I’m not saying that evangelicals found their way to MAGA because their theology led them there, or that MAGA folks found a warm reception in some evangelical circles because of their overlapping reading strategies. What I am suggesting is that the aesthetics of both movements – an uncritical fetishization of peculiarity – resonated with each other so much that it seemed to the adherents that, whether they were at a contemporary worship service in Georgia or a Trump rally in North Carolina, they were home.
They were home because they were not home. That’s what makes them peculiar. Their allegiance is to another place, Heaven, and another time, the past – the “again” to which they so badly want to return.
Is MAGA the logical outcome of 20th-century American evangelicalism? I’m inclined to say no mostly because of the many lovely and kind evangelicals I’m friends with. They’re horrified by the MAGA movement, by its bald nationalism and its flagrant indecency.

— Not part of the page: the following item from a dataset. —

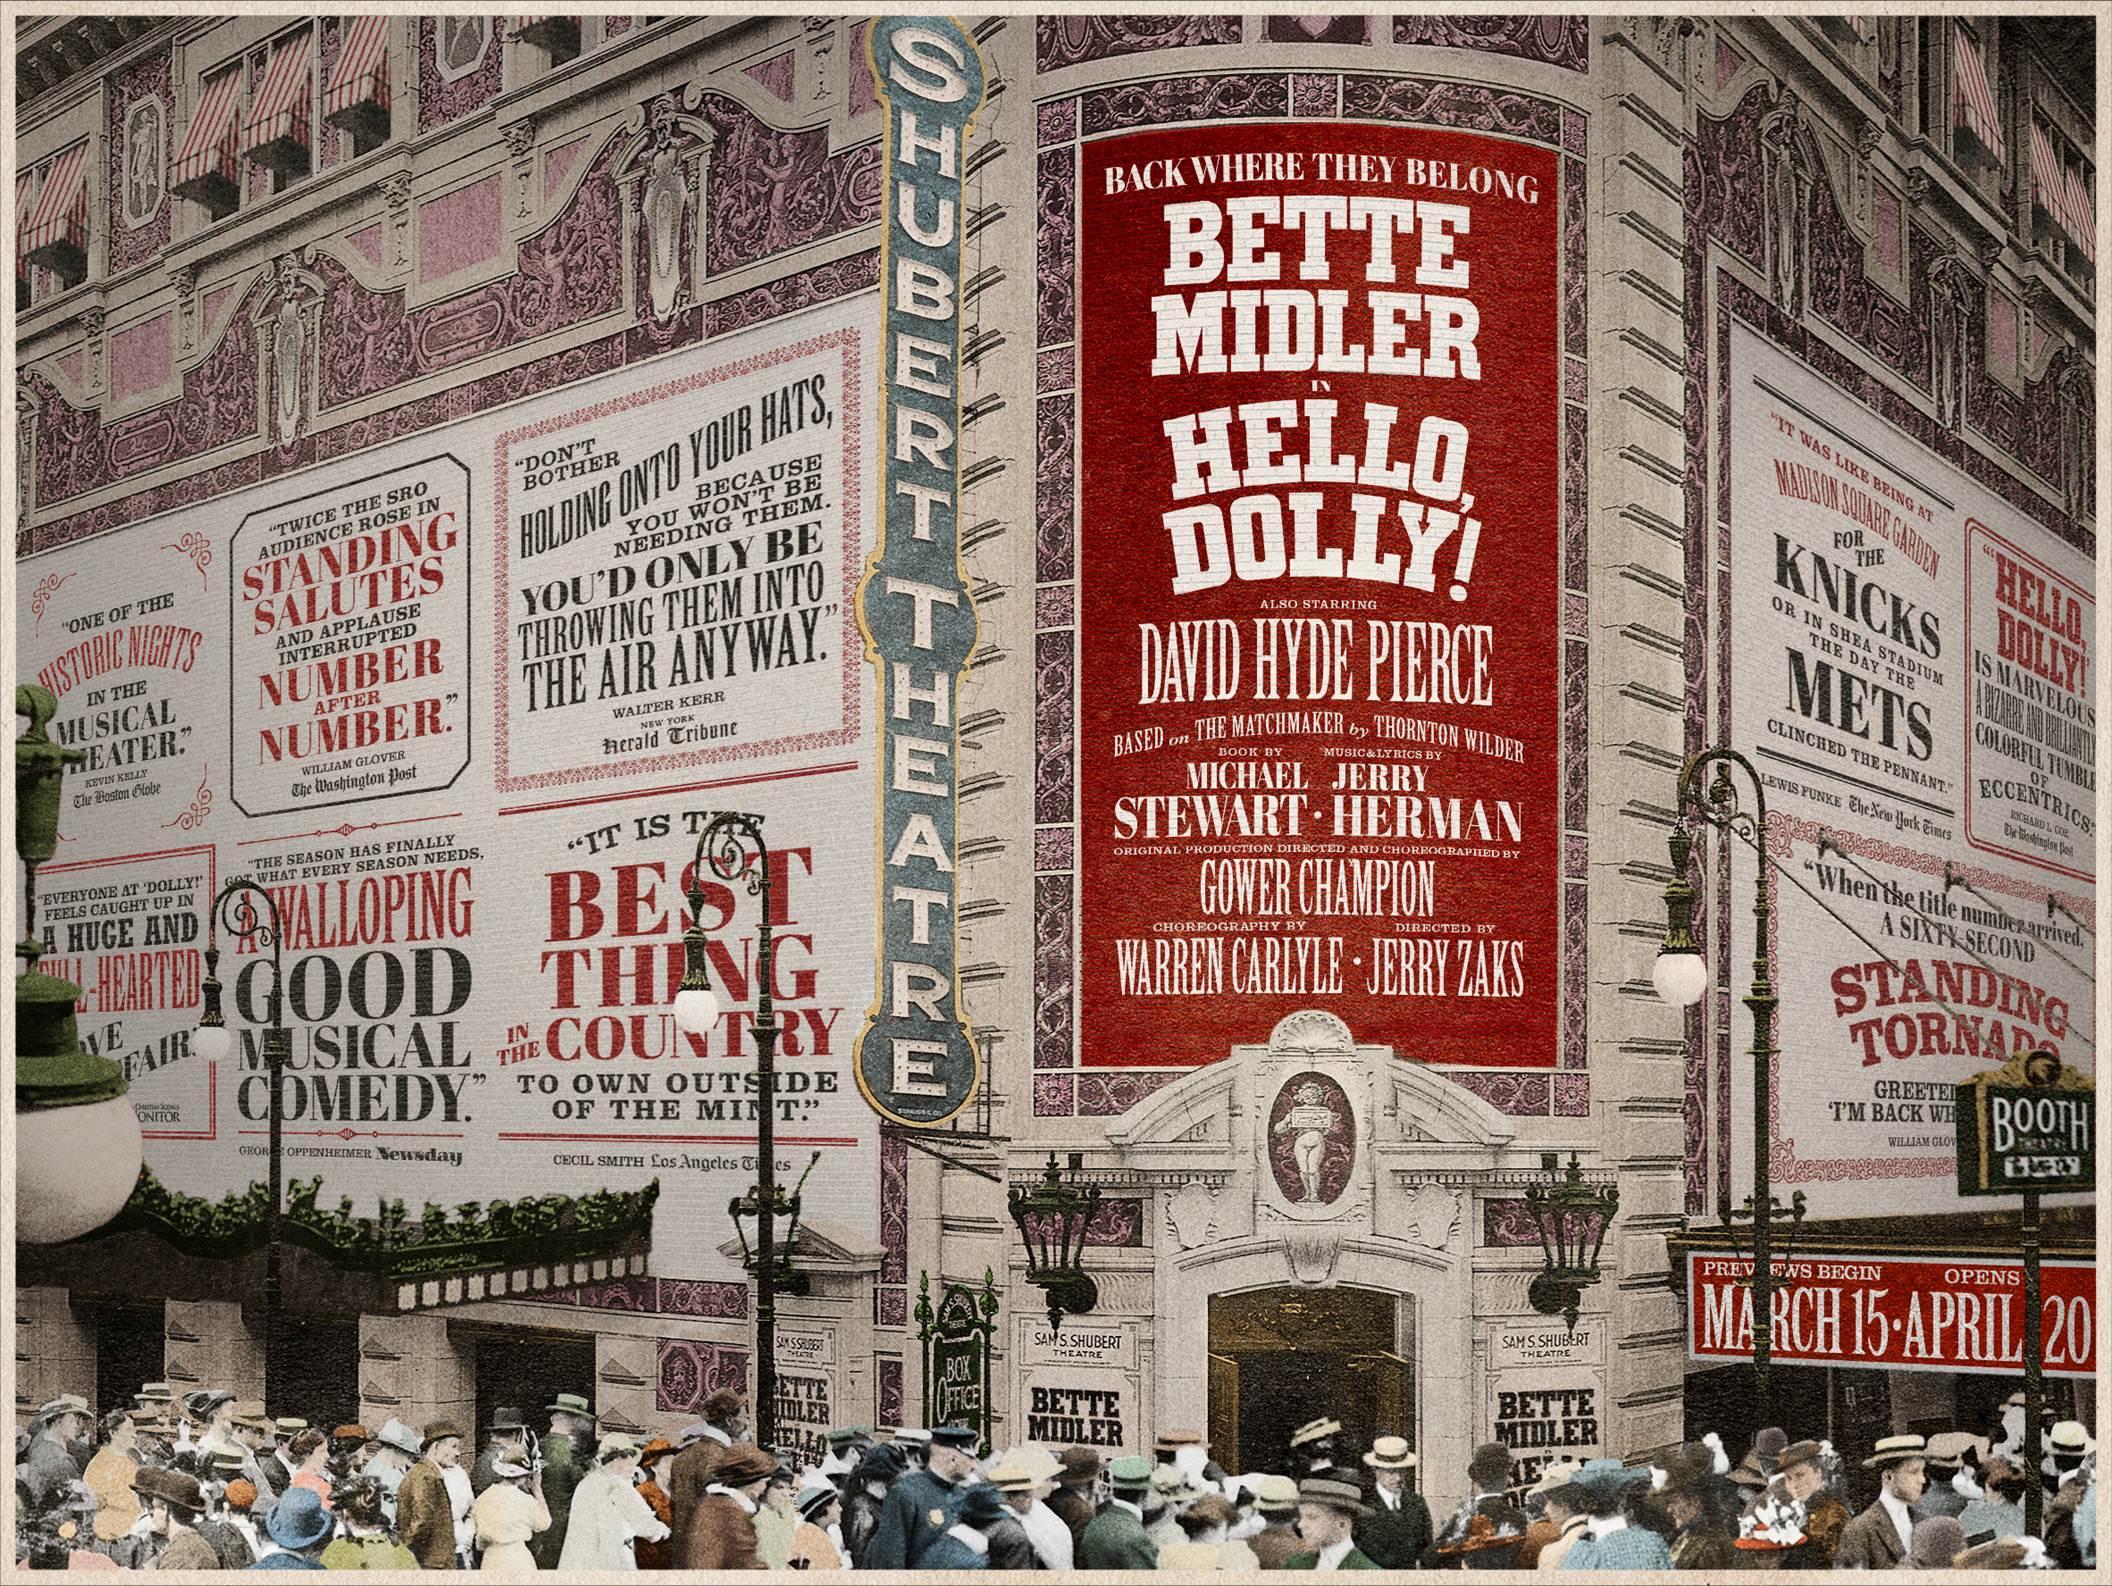 Hello Dolly Breaks Box fice Records Bette Midler

But indecency can only be judged by respected norms of decency, and as I’ve tried to suggest, evangelicalism has always had a contentious relationship with those norms.
Why, for the past century, have evangelicals been willing participants in their becoming peculiar? Is the MAGA aesthetic just the next logical step?
In many ways, weird-making is a practice that many religious people all over the world engage in: Wearing the hijab, keeping Shabbat, repeating mantras etc., all set one apart from those not performing these behaviours. But there are ways of performing these behaviours democratically, so to speak, ways that respect that other people might find your behaviour weird. That is not, it seems to me, how a large portion of the MAGAngelicals go about performing their peculiarity. They seem to delight in saying what they know they’re not supposed to say. The point, it seems, is to call attention to the difference, to exaggerate it, to overperform it, to become, as the lyrics from the song Jesus Freak put it, a “peculiar display.”
Just how peculiar, though – that’s the question that a sizable group of evangelicals is thinking through. Peculiar enough that they will continue to oppose gay marriage and stand firm on a historical Adam and Eve, but not so peculiar that they will blitz on the Capitol if their guy loses.
The question for the future of evangelicalism is whether peculiarity can be negotiated in just this way.